If it's corrupting your stack around the region of your call into FILE * file = fopen("price.dat", "rb");, this would reproduce the issue that you're seeing. As a bonus, this would prevent some tools like gdb from properly unwinding your stack frames (thus inhibiting the full stack trace), because at that point, the stack is in a corrupt and flatly unrecoverable state.

The easiest check for this is to validate your writes by stepping through the write operation in a debugger or running a bounds checker over your application. Valgrind has a patch containing this functionality, and a few other tools exist in this space for OSX, as well.

Good luck with your application.

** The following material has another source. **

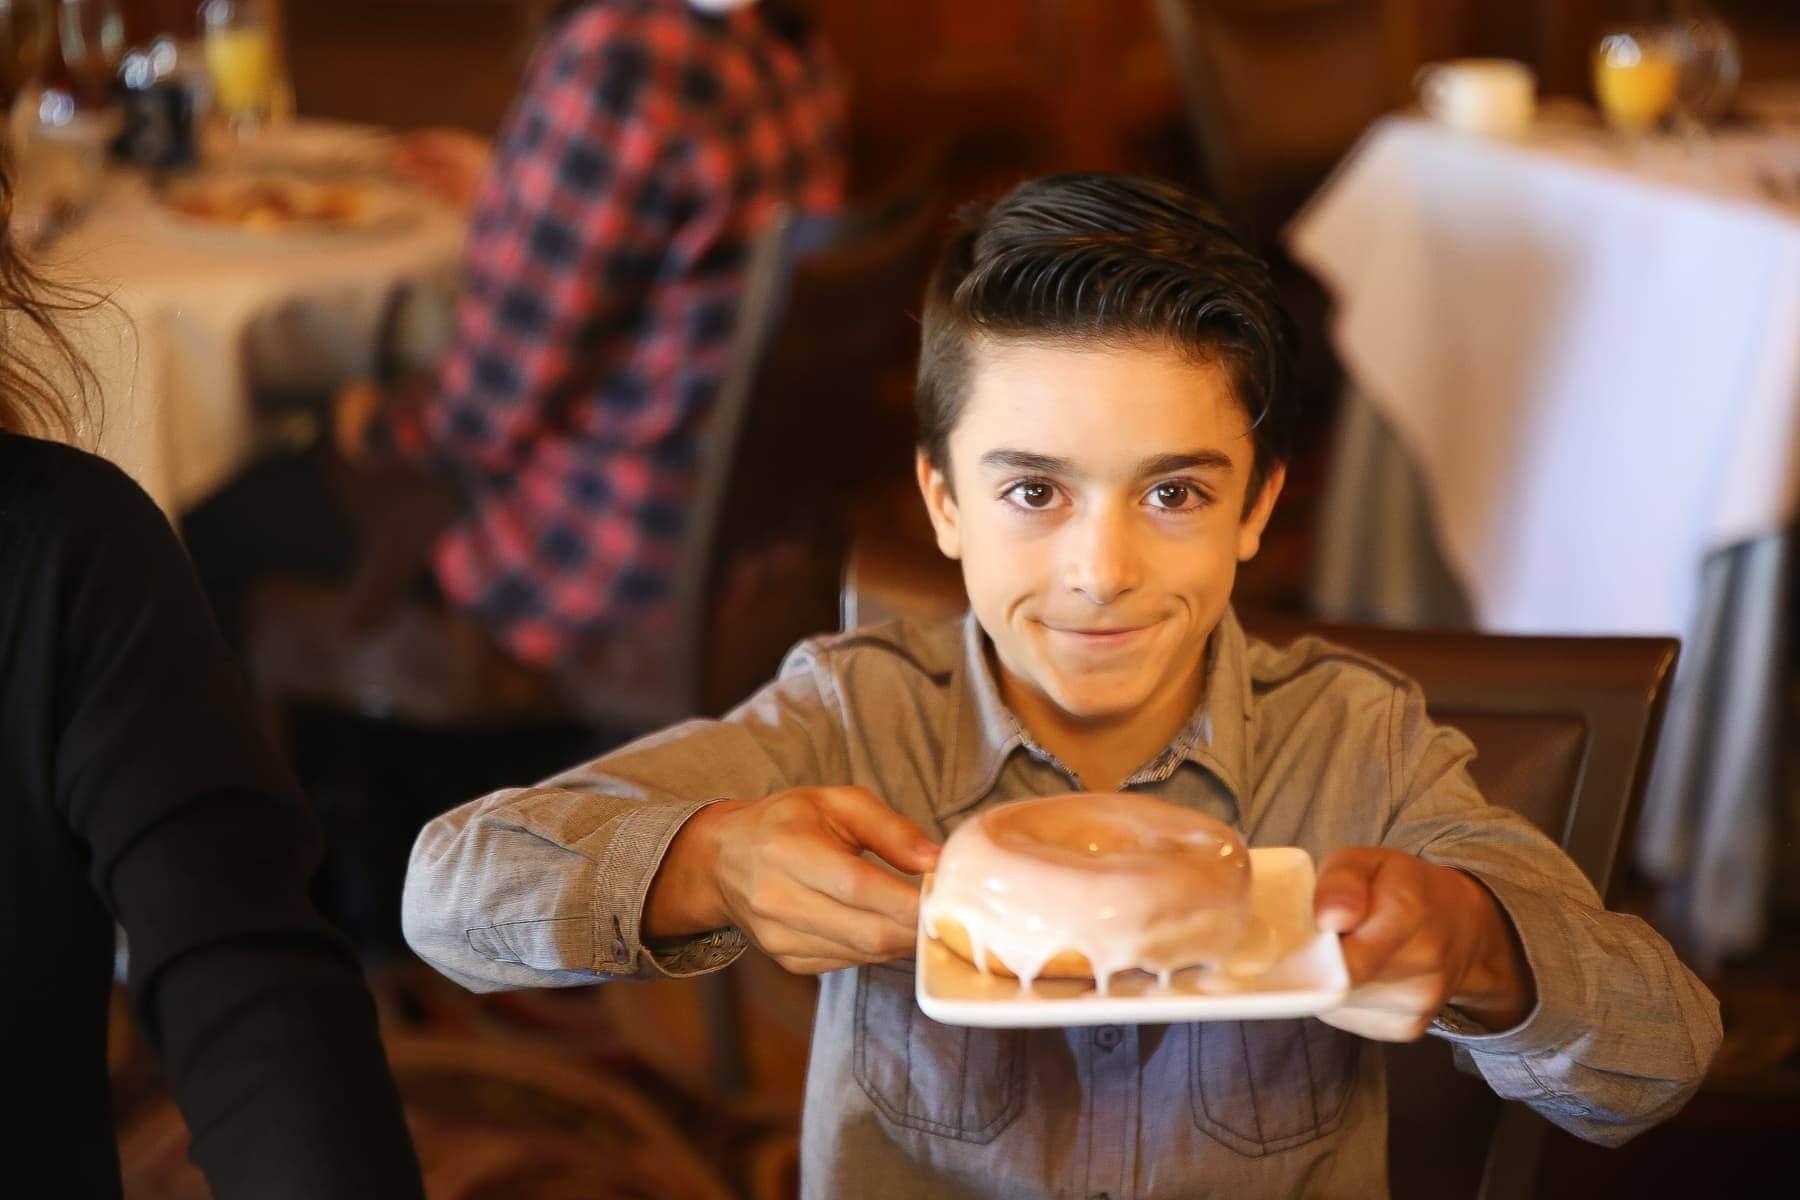 boy holding doughnut

Play safely with your buffers, and your programs will continue to be happy. :)

Edit: Close, but, nope.

Answer 4

Thanks to MrGomez for a good guess but the actual answer has been staring me in the face. The answer is the name of this website. The problem was that the automatic variables in the main function where too large and caused a stack overflow. The solution was to allocate the data using malloc.

For anyone seeing this from google, it's a good idea to check how big your declared variables are. You might want to allocate the memory at runtime.